Finland Makes New Move to Defend Itself From Russia

Nation votes to exit treaty on land mines, which critics say may put lives at risk
By Newser Editors and Wire Services
Posted Jun 19, 2025 8:49 AM CDT
Finland Votes to Exit Treaty Ending Land Mines
A notice warning of land mines is seen on a tree as a Ukrainian specialized team searches for mines in a field on the outskirts of Kyiv on June 9, 2022.   (AP Photo/Natacha Pisarenko)

Finland's Parliament voted overwhelmingly on Thursday to pull out of a major international treaty on antipersonnel land mines, or APLs, as the Nordic country seeks to boost its defenses against an increasingly assertive Russia next door. Finland, which joined NATO in 2023, shares an 830-mile land border with Russia and says land mines could be used to defend its vast and rugged terrain in the event of an attack, per the AP. Finnish lawmakers voted 157-18 to move forward on a government proposal to leave the Ottawa Convention that seeks to end the use of APLs across the globe.
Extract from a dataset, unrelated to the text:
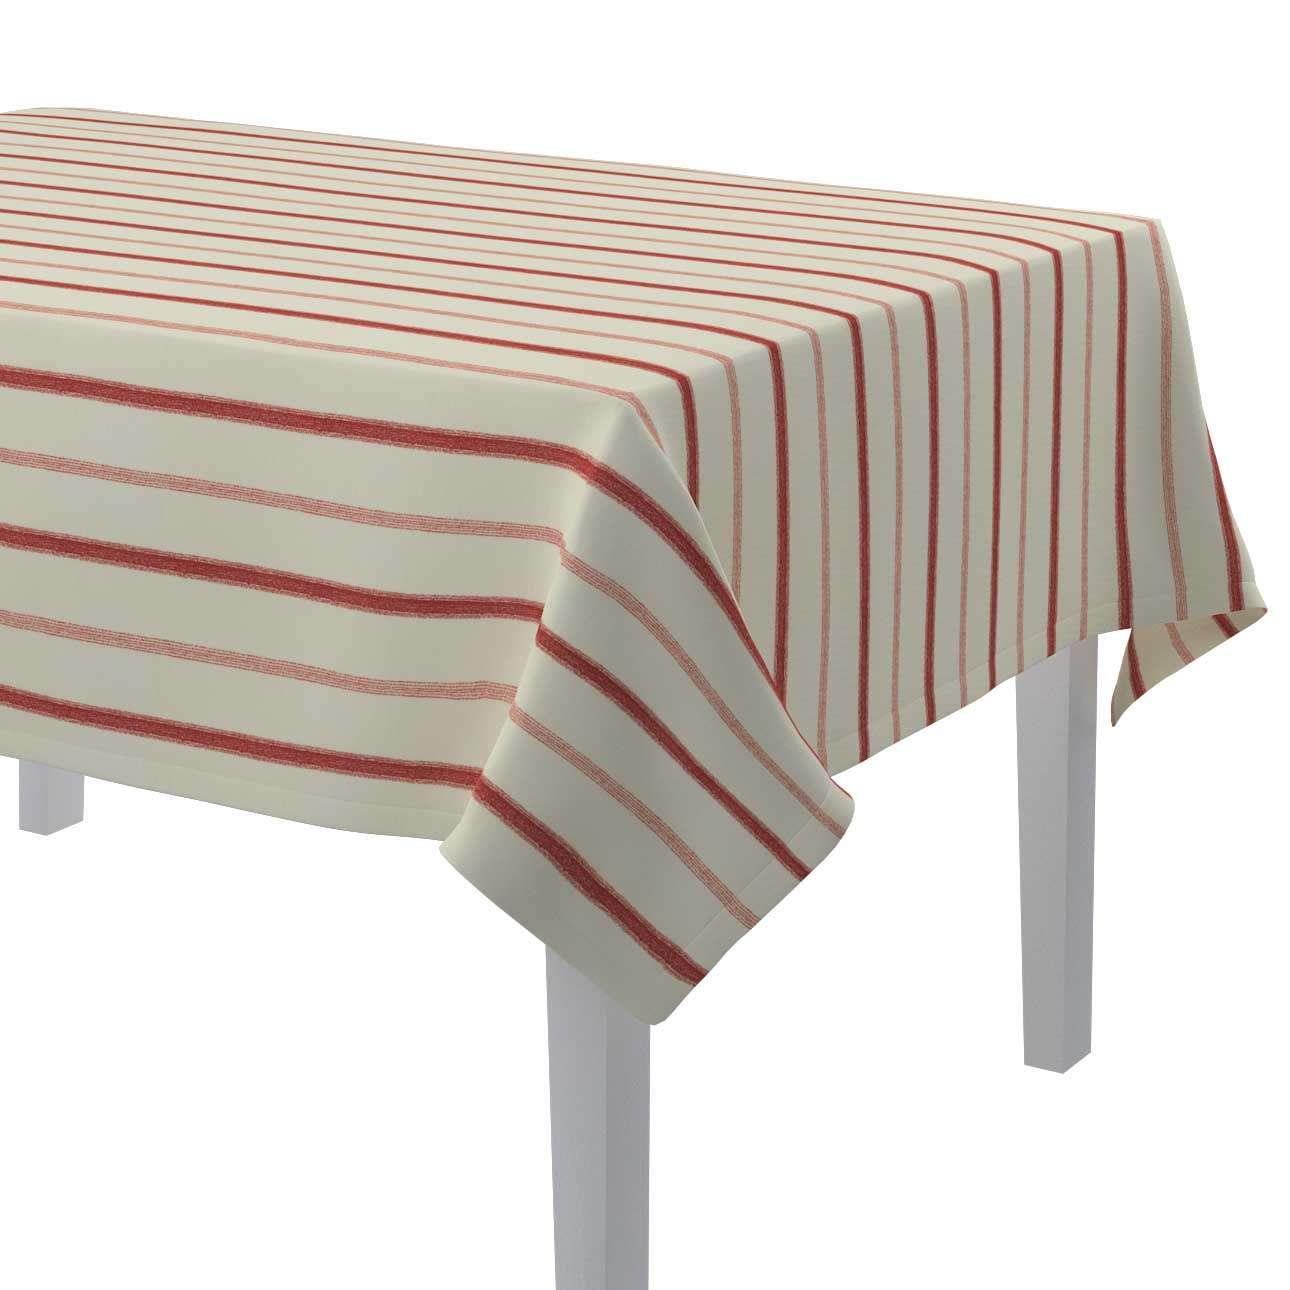 Rectangular tablecloth in collection Avinon, fabric: 129-15

The Nordics and Baltics have been sounding the alarm on a potential Russian incursion since Russia launched a full-scale invasion of Ukraine in 2022. Analysts say Ukraine is among the countries most affected by land mines and discarded explosives, as a result of Russia's ongoing war. The Ottawa Convention was signed in 1997 and went into force in 1999. Nearly three dozen countries haven't acceded to it, including some key current and past producers and users of land mines such as the United States, China, India, Pakistan, South Korea, and Russia.

In a report released last year by Landmine Monitor, the international watchdog said land mines were still actively being used in 2023 and 2024 by Russia, Myanmar, Iran, and North Korea. In the Baltics, lawmakers in Latvia and Lithuania earlier this year voted to exit the treaty. Mirjana Spoljaric Egger, president of the International Committee of the Red Cross, said civilians will pay the price if more countries leave the treaty. "The global consensus that once made antipersonnel mines a symbol of inhumanity is starting to fracture," she said in a news release earlier this week. "This is not just a legal retreat on paper—it risks endangering countless lives and reversing decades of hard-fought humanitarian progress."